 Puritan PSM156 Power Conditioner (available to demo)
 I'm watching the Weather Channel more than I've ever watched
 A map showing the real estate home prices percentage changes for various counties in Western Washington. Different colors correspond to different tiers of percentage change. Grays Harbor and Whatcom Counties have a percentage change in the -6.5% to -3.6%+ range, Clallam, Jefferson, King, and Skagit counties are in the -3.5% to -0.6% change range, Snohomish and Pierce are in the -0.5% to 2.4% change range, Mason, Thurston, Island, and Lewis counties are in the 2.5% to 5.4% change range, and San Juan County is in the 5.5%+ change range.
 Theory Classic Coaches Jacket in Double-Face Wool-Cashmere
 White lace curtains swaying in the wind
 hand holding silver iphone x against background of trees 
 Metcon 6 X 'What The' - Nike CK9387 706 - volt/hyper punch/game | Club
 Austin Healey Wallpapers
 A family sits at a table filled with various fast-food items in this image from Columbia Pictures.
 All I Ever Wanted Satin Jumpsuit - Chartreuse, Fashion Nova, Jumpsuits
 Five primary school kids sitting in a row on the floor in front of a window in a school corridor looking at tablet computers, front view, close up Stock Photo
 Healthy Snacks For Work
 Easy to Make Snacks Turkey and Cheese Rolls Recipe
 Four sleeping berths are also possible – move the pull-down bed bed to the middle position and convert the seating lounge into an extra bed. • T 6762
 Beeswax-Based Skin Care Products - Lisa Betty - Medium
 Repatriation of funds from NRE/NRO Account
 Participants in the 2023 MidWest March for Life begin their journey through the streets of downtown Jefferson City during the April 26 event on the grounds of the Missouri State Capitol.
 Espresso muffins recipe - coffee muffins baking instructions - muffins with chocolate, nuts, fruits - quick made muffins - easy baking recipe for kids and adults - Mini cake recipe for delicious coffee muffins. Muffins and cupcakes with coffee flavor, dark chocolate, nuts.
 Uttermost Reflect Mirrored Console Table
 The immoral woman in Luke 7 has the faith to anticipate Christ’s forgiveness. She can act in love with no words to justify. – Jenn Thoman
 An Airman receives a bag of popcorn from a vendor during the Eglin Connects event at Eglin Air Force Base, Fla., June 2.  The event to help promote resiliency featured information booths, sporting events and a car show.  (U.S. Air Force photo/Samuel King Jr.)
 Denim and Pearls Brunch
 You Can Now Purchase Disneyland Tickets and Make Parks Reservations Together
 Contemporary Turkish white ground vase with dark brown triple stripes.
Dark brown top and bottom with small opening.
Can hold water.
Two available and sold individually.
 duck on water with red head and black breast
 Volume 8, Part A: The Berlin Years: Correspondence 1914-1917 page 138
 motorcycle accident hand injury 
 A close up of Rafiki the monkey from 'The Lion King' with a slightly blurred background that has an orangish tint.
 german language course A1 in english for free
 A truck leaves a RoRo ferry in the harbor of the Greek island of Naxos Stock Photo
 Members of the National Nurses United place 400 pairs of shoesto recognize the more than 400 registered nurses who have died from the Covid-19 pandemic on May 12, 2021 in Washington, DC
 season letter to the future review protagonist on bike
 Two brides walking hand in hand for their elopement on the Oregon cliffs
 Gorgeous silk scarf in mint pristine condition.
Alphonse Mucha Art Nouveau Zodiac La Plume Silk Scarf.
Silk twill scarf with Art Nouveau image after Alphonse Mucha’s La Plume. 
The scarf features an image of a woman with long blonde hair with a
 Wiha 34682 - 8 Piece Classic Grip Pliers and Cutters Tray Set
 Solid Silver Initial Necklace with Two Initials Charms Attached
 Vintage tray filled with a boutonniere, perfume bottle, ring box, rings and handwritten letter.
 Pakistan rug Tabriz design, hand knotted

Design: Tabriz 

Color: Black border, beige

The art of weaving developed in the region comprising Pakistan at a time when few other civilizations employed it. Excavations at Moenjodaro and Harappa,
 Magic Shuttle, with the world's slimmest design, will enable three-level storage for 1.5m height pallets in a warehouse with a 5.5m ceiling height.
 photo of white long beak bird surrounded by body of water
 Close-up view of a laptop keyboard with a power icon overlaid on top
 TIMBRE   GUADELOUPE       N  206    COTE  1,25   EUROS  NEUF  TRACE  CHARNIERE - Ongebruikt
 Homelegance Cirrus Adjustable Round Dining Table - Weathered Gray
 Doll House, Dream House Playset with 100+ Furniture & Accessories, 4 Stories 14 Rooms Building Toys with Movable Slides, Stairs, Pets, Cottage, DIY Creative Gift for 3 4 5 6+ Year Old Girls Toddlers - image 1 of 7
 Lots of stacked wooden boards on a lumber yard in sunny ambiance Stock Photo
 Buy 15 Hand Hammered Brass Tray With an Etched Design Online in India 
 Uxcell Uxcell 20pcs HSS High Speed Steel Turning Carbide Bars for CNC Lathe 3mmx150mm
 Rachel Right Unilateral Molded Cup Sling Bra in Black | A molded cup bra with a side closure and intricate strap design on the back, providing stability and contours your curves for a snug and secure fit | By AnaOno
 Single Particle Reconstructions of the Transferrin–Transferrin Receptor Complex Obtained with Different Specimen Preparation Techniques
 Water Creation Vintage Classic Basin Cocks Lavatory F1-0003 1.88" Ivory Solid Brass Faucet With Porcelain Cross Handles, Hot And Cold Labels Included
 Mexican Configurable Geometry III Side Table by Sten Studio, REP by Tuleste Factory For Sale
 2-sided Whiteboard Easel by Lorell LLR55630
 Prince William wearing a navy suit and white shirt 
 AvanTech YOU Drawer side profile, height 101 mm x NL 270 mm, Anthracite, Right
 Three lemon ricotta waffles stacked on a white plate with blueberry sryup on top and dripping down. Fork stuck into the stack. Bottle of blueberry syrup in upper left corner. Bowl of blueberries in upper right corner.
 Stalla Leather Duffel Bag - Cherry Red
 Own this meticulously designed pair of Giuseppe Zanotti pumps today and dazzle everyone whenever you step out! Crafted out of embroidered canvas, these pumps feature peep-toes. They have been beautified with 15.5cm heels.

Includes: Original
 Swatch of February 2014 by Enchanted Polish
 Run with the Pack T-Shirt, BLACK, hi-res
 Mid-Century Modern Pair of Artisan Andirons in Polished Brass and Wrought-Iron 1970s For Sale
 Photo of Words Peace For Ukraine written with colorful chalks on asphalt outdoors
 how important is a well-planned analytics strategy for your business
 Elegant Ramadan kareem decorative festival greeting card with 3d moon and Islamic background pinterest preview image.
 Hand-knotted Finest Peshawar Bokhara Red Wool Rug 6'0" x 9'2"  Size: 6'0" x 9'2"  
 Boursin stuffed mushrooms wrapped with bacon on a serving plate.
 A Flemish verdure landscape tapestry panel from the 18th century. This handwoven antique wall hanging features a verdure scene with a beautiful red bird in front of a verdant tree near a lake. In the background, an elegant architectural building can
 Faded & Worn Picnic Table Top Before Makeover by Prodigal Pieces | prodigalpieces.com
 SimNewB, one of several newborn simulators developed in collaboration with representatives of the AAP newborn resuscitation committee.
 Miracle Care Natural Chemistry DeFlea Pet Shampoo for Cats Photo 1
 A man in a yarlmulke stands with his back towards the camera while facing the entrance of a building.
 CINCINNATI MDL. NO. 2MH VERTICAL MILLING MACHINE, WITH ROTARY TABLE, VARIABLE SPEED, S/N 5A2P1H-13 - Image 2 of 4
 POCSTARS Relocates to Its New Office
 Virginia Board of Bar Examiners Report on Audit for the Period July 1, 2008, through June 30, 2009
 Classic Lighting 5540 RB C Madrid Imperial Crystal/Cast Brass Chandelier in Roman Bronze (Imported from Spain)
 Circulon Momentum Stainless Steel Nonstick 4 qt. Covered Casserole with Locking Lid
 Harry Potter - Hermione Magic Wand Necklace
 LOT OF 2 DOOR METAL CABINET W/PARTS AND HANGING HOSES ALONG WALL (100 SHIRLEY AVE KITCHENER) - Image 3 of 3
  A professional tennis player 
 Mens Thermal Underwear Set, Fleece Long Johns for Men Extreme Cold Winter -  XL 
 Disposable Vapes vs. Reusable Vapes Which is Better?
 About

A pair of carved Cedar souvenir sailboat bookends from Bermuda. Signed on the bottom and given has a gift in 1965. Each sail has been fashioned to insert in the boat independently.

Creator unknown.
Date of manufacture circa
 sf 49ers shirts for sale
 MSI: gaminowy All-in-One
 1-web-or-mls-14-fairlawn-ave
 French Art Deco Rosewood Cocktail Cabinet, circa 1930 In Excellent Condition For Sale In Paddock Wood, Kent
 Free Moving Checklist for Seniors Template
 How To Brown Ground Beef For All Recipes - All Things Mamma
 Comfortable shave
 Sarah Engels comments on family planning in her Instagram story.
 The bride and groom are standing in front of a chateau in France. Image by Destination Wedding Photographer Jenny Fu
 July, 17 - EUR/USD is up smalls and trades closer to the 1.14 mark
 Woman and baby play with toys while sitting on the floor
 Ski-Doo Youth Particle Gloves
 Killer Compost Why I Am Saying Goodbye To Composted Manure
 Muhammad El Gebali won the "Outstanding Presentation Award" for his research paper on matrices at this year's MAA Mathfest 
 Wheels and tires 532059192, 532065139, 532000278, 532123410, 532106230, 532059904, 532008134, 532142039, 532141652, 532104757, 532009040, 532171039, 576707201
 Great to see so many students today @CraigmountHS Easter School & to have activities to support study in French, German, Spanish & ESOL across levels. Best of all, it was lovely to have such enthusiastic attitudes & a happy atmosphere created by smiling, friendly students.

----

▶ [Exercise goal]
Among the lines above, find those with the word "Solid" and list them.

▶ [Answer box]
 Solid Silver Initial Necklace with Two Initials Charms Attached
 Water Creation Vintage Classic Basin Cocks Lavatory F1-0003 1.88" Ivory Solid Brass Faucet With Porcelain Cross Handles, Hot And Cold Labels Included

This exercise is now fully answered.